Aantal orgaandonaties daalt weer: 'Ik heb geen leven meer, het is overleven'
Het aantal orgaandonaties daalt weer, na een recordjaar in 2018. Een probleem, vindt de Nierstichting, want er wachten bijna 1300 mensen op een nieuwe nier of alvleesklier. Vandaag lanceert de stichting een campagne die ervoor moet zorgen dat er meer wordt gepraat over orgaandonatie.
"Ik word er heel erg wanhopig en droevig van", vertelt Peter Every (48) uit Vlissingen, een van de gezichten van de campagne, in het NOS Radio 1 Journaal. "We weten dat het merendeel van de Nederlanders positief staat tegenover orgaandonatie. Maar ze bespreken het niet met een dierbare. Als je dan plotseling komt te overlijden, dan laat je je naasten in twijfel achter. En dan gaan ze nooit over tot orgaandonatie. Zelfs als ze het wél wilden. En dat is een gemiste kans."

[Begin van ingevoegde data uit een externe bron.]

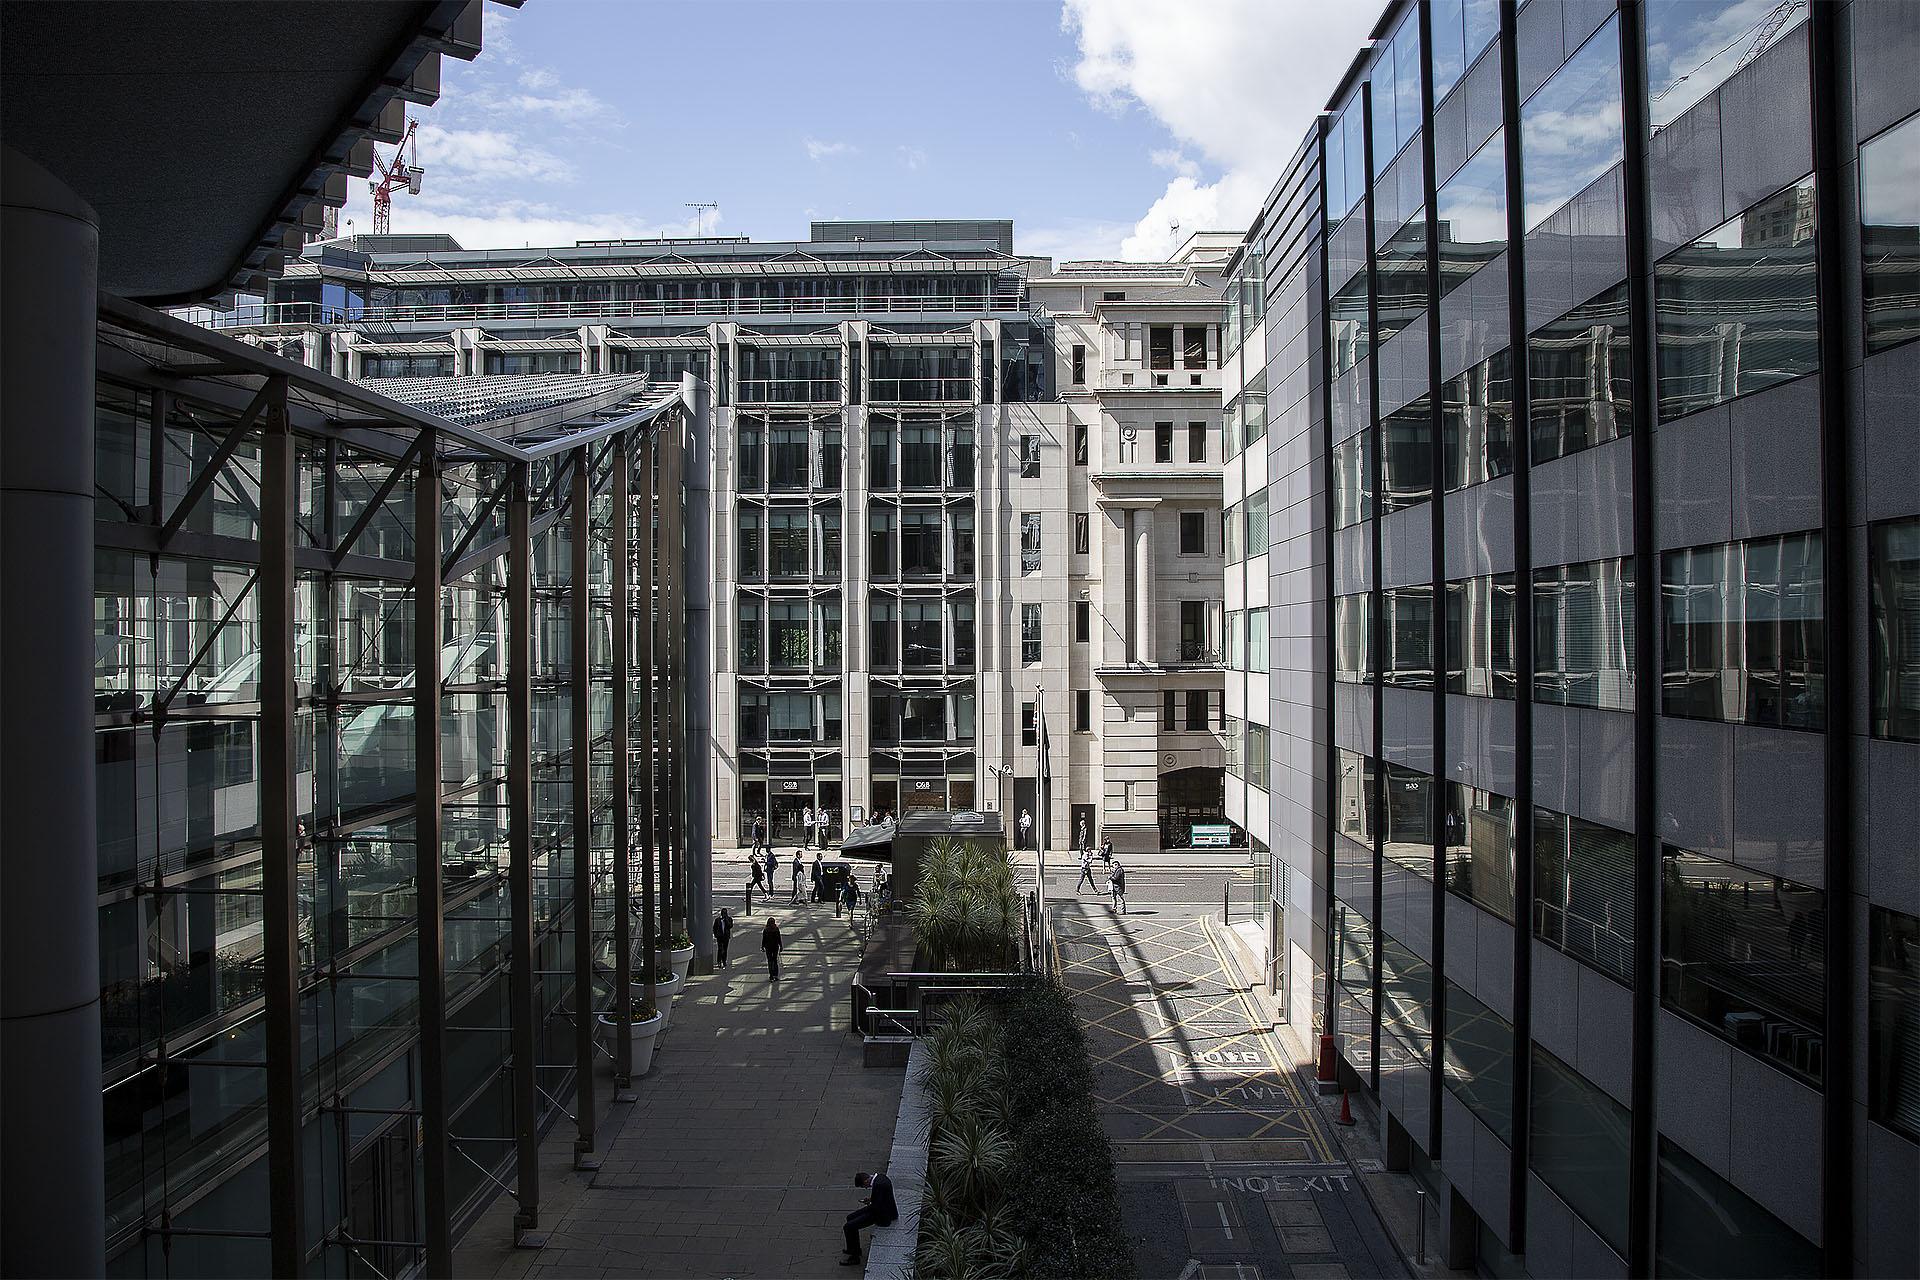 Behind the façade, London

Every kreeg als klein jongetje al cardiomyopathie, dezelfde hartziekte die zijn vader velde op zijn vijftigste. "Al snel werd ik erg ziek. Ik kreeg eerst een defibrillator, daarna een pacemaker en een hartverkleiningsoperatie. Nu zit ik in het laatste stadium: een steunhart. Dat is een elektrische pomp die met een soort appelboor in je linker kamer wordt geplaatst. Een dikke kabel loopt uit mijn buik naar een computer, een soort controller. Ik heb zelf geen hartslag meer, geen pompfunctie. Ik loop met een soort bomvest aan."
Zo'n hart slijt snel, na een jaar moet er eigenlijk wel een oplossing gevonden zijn: een donorhart. Maar die is er nog niet, na ruim 2 jaar op de wachtlijst. "Ik heb het steunhart nu 3,5 jaar. Ik heb geen leven meer, het is overleven. 's Nachts lig ik aan allerlei kabels, ik mag niet meer douchen - vanwege die elektriciteit. Ik mag niet meer in het zonlicht, want daar krijg ik allerlei blaren van, door de medicijnen."
Gaat de nieuwe Donorwet, die komende zomer ingaat, helpen? Daarin is geregeld dat je als Nederlander automatisch donor wordt als je geen keuze maakt in het Donorregister, tenzij je familie bezwaar maakt. Every: "In de landen om ons heen zien we dat dat heel wat uitmaakt, met name in Engeland. En in Spanje zijn ze inmiddels zo ver dat iedereen het normaal vindt dat je na je dood je organen doneert aan iemand die heel ziek is. Dat geeft hen een prettig gevoel. Dat moet het ook zijn, zodat we elkaar kunnen helpen."
Wat je hoe dan ook niet moet doen: zelf beslissen dat jouw lichaam niet de moeite waard is voor donatie. "Mensen verontschuldigen zich wel eens tegen mij: 'ik ben te oud, ik ben ziek, van mij is niets te gebruiken'. Of ze zeggen: 'als ik donor ben, dan helpen ze me niet meer goed na een ongeluk, want dan hebben ze weer organen voor donatie.' Dat is allemaal onzin."
In andere Europese landen zijn meer mensen donor dan in Nederland. Deze grafiek toont het aantal overleden mensen in 2018, wiens organen andere patienten uit de brand hielpen:
Ook iets teruggeven
In Nederland moet er wat veranderen, vindt Every. "De jongelui zijn heel flexibel, maar de oude generatie houdt zich vast, die gelooft er niet zo in. En dat is raar, want ik kom heel veel in het ziekenhuis, en patiënten vinden het daar heel vanzelfsprekend dat er een orgaan voor hen is. Als ze brandwonden hebben, vinden ze het heel normaal dat het Brandwondencentrum weefsel voor ze beschikbaar stelt. Maar ze vinden het niet vanzelfsprekend dat ze na hun dood hun eigen organen doneren. Ik vind: voor wat, hoort wat. Als je iets wil ontvangen, moet je ook iets geven."